Wages in Japan have suffered their sharpest drop since tracking began almost two decades ago, fuelling concerns that the economy will remain under pressure from depressed consumer spending.

The plunge comes as Japan prepares to vote at the end of the month in elections that could topple the long-serving Liberal Democratic Party, with both the incumbents and the rival Democratic Party of Japan, which is leading in the polls, wooing voters with promises of better conditions for workers.

Labour Ministry figures showed monthly wages, including overtime pay and bonuses, slid 7.1 per cent from a year earlier in June to Y430,620, the 13th consecutive decline but the biggest since the data series started in 1990.

The steep June decline stemmed in large part from deep cuts to bonuses as manufacturers in particular continued to suffer from weak demand. Bonuses, which are generally distributed in June and December, suffered a 14.5 per cent fall from a year ago.

“This kind of drop in bonuses would be unthinkable in normal times,” said Naoki Murakami, chief economist at Monex Securities.

Overtime hours worked continued to fall by double digits, with overtime in the manufacturing sector declining 40 per cent year-on-year. Overtime pay fell 17.7 percent in June from a year earlier.

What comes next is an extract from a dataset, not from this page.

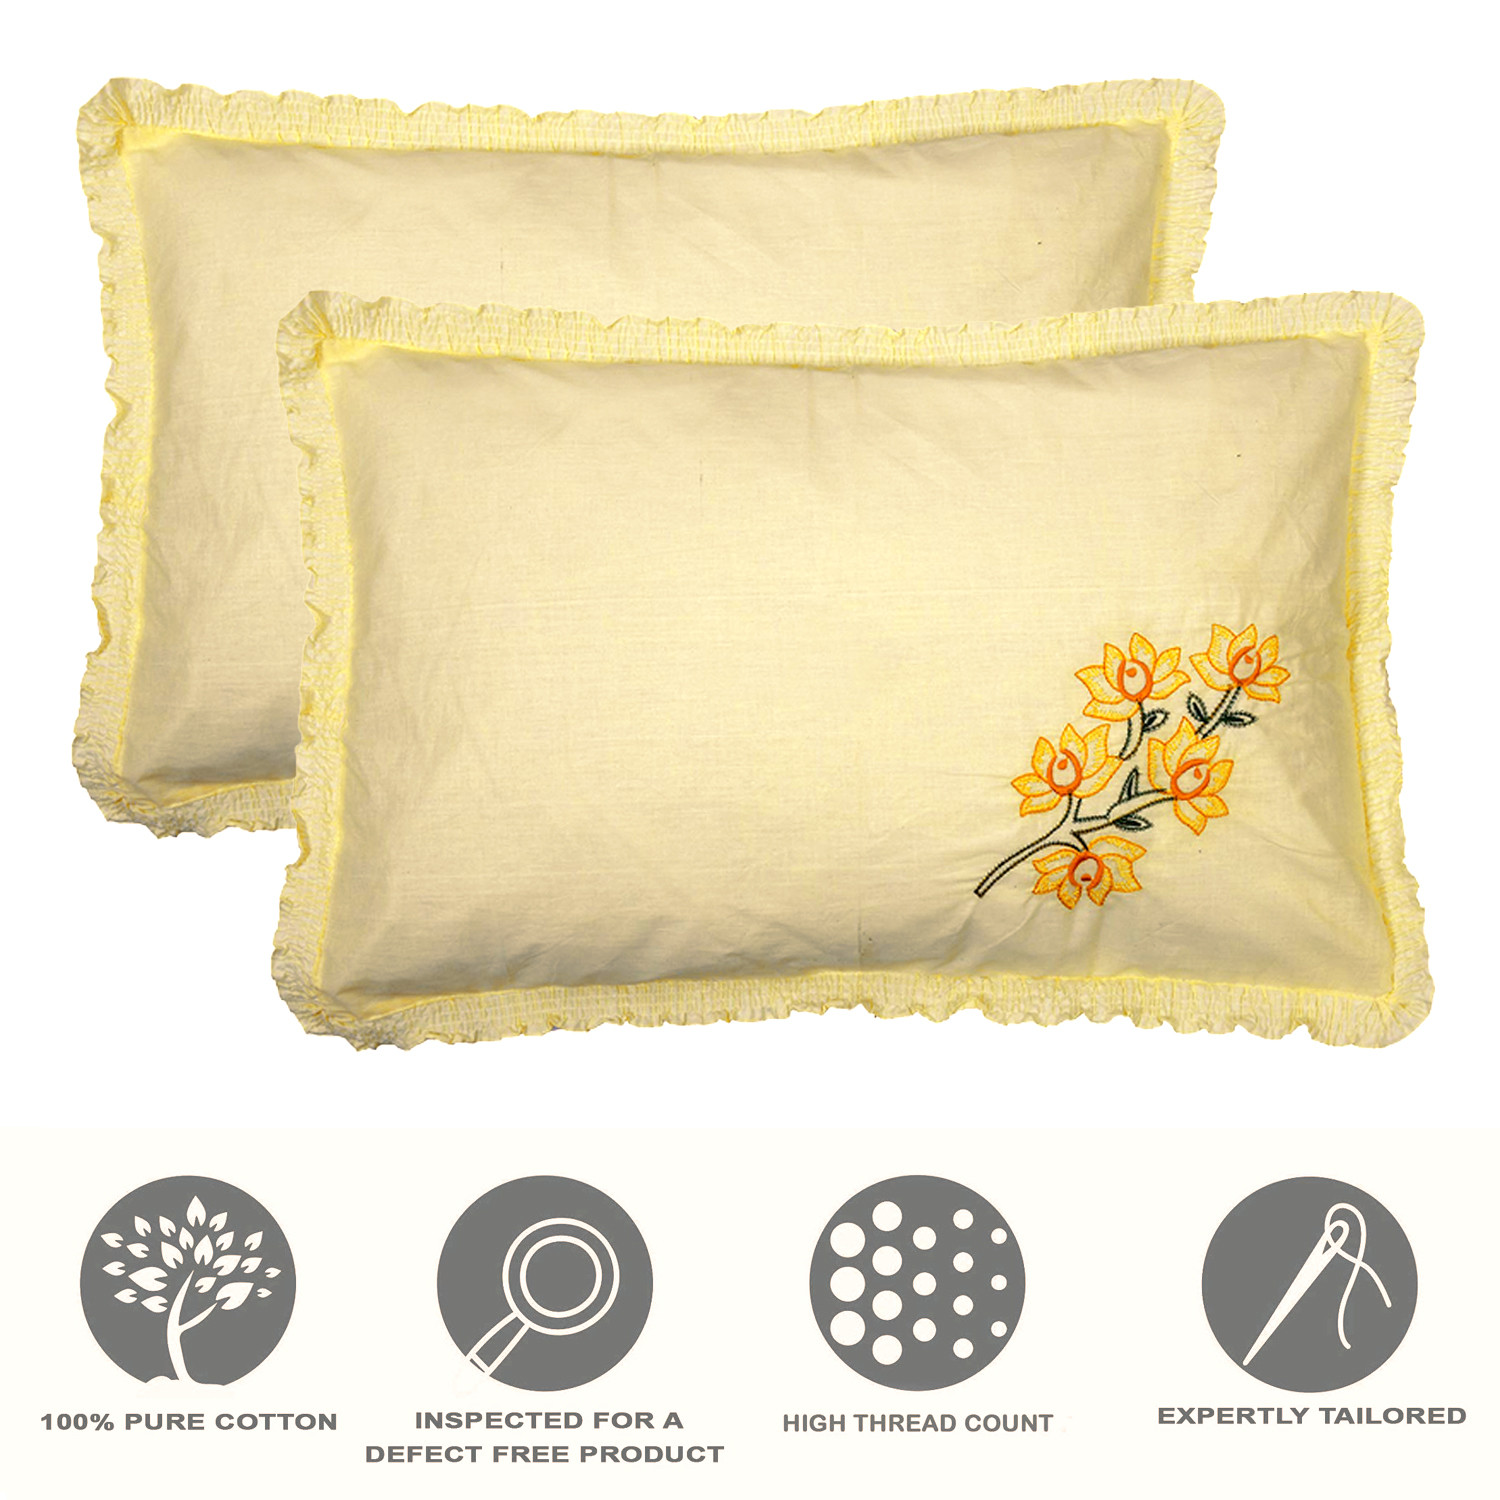 Kuber Industries Embroidery Pattern Breathable & Soft Cotton Pillow Cover For Sofa, Couch, Bed,(Yellow) 54KM4116

“In coming months Japan’s unemployment rate is set to rise, with surveys showing the vast majority of firms feel their staffing levels are excessive,” said Nikhilesh Bhattacharyya, an associate economist with Moody’s Economy.com. “The jobs-to-applicant ratio was at a record low in June, while the unemployment rate was just short of a record high.”

For consumers, the drop in wages was somewhat offset by government stimulus measures. Mr Murakami said that incentives to buy fuel efficient vehicles and energy efficient electronic products have had a stronger impact on consumption than many economists had expected. Hybrid cars, for example, have enjoyed firm demand, helping to push vehicle sales back to levels of a year ago.

Combined with one-off government payments, the stimulus measures are likely to have had their strongest impact in the April-June quarter, Mr Murakami said. Overtime hours however rose 2.2 per cent in June from May, reflecting an improvement in industrial production.

Economists warned that the impact of stimulus measures is likely to taper off towards the end of the year, which could hurt consumption. The question is how much the US economy will recover by then and how much this will help Japanese exporters, Mr Murakami said.

The LDP’s policy manifesto pledges to create 2m jobs over the next 3 years and increase household after-tax income by Y1m within 10 years. The DPJ, meanwhile, is proposing an increase in the minimum wage to Y1,000 from about Y700 an hour.